The answer must be the full data, restated word for word, with no pictures in it.

Supplied data below:

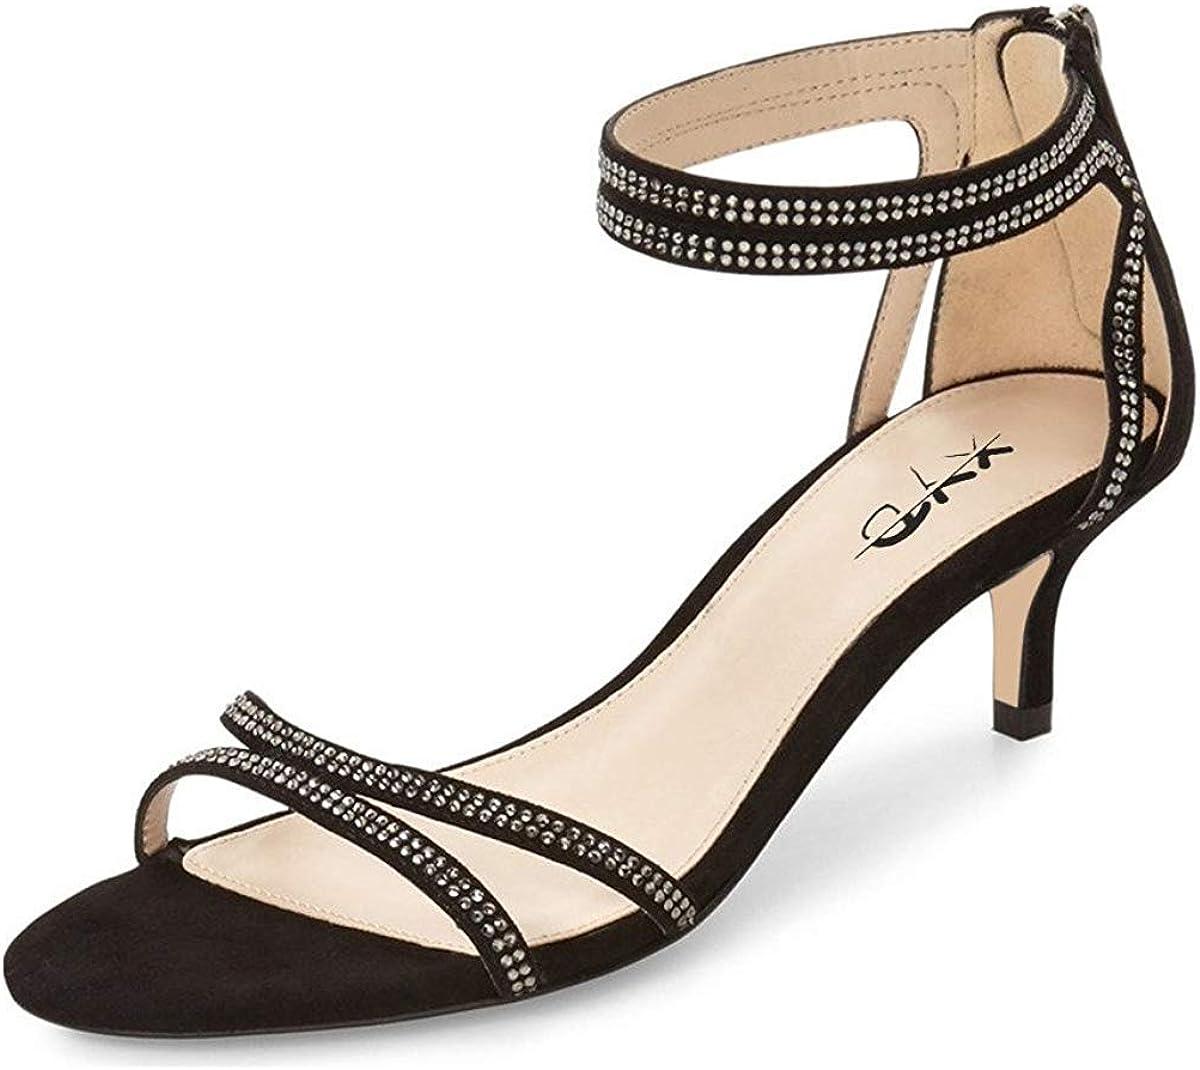 XYD Women Open Toe Shipping included Low Heel Ankle Overseas parallel import regular item Str Rhinestone Strappy Sandals
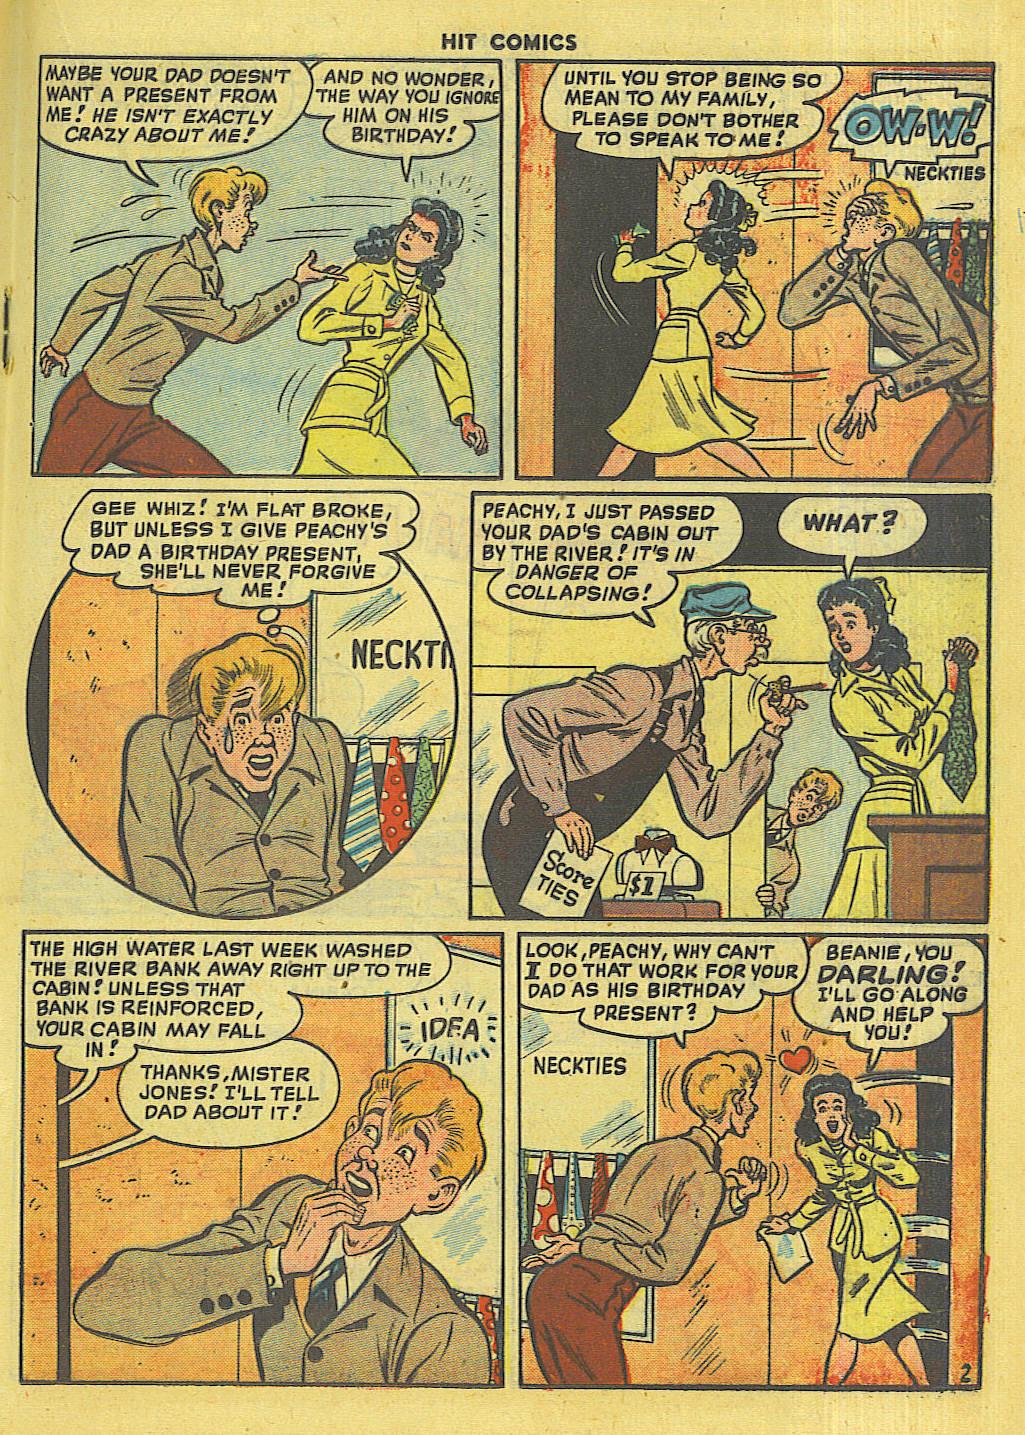 Read online Hit Comics comic -  Issue #56 - 27
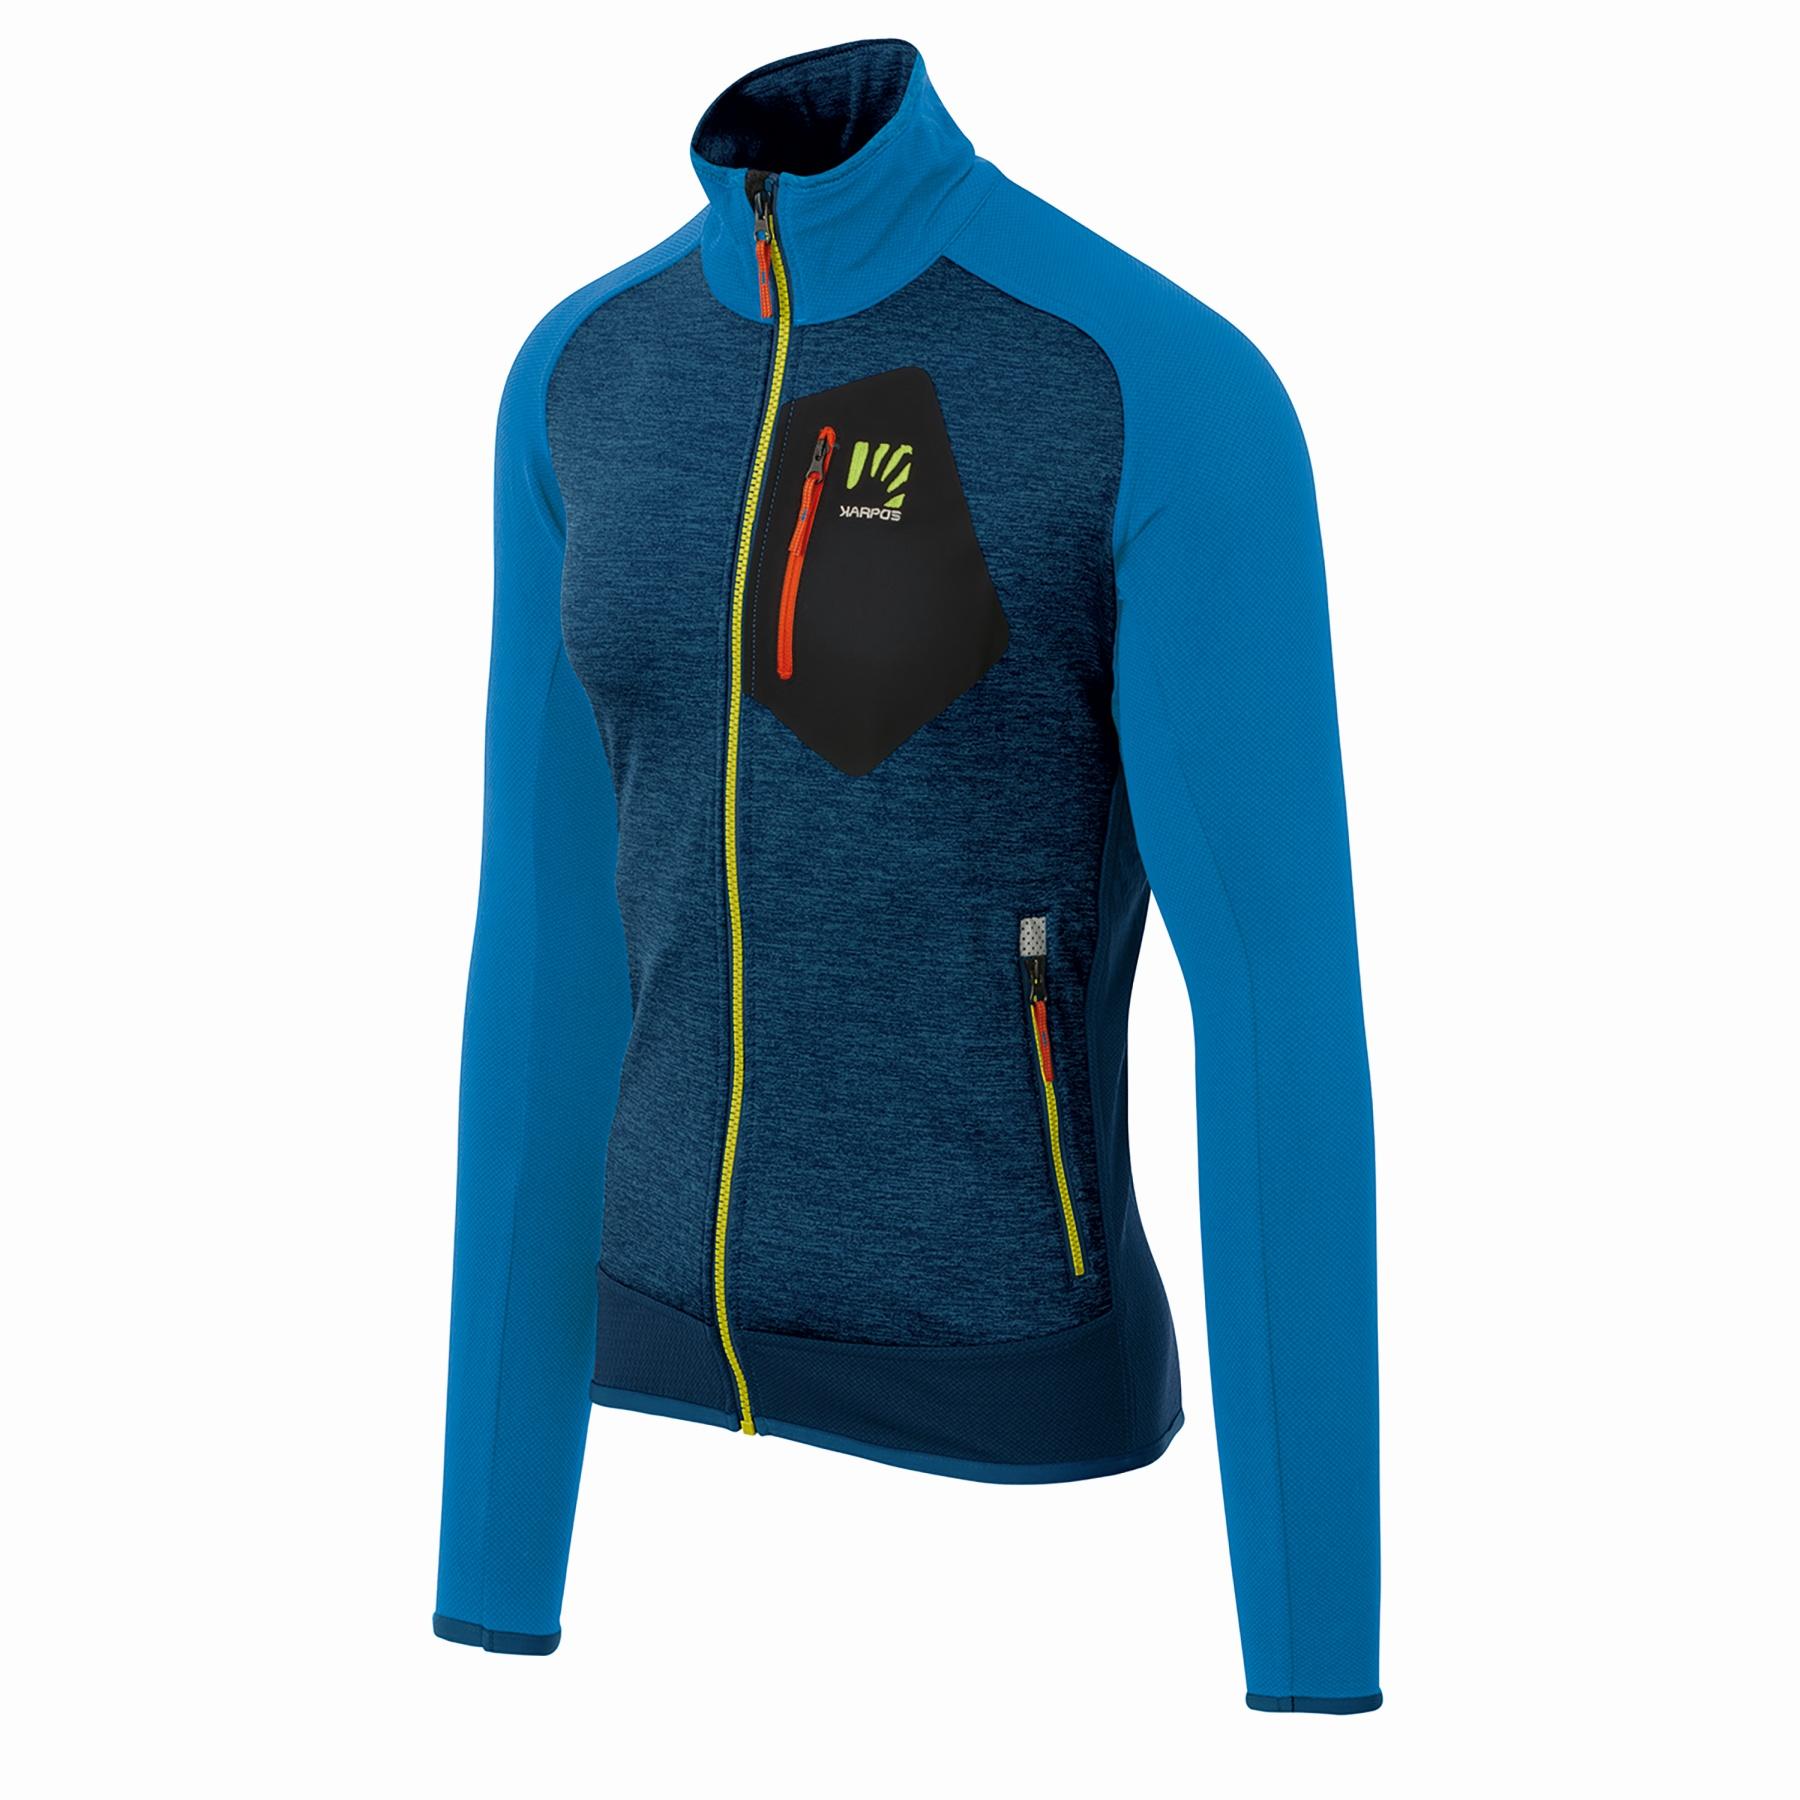 Karpos Odle Fleece Jacket - indigo bunting/insignia blue

End of Supplied data.

## Exercise result
 XYD Women Open Toe Shipping included Low Heel Ankle Overseas parallel import regular item Str Rhinestone Strappy Sandals
 Read online Hit Comics comic -  Issue #56 - 27
 Karpos Odle Fleece Jacket - indigo bunting/insignia blue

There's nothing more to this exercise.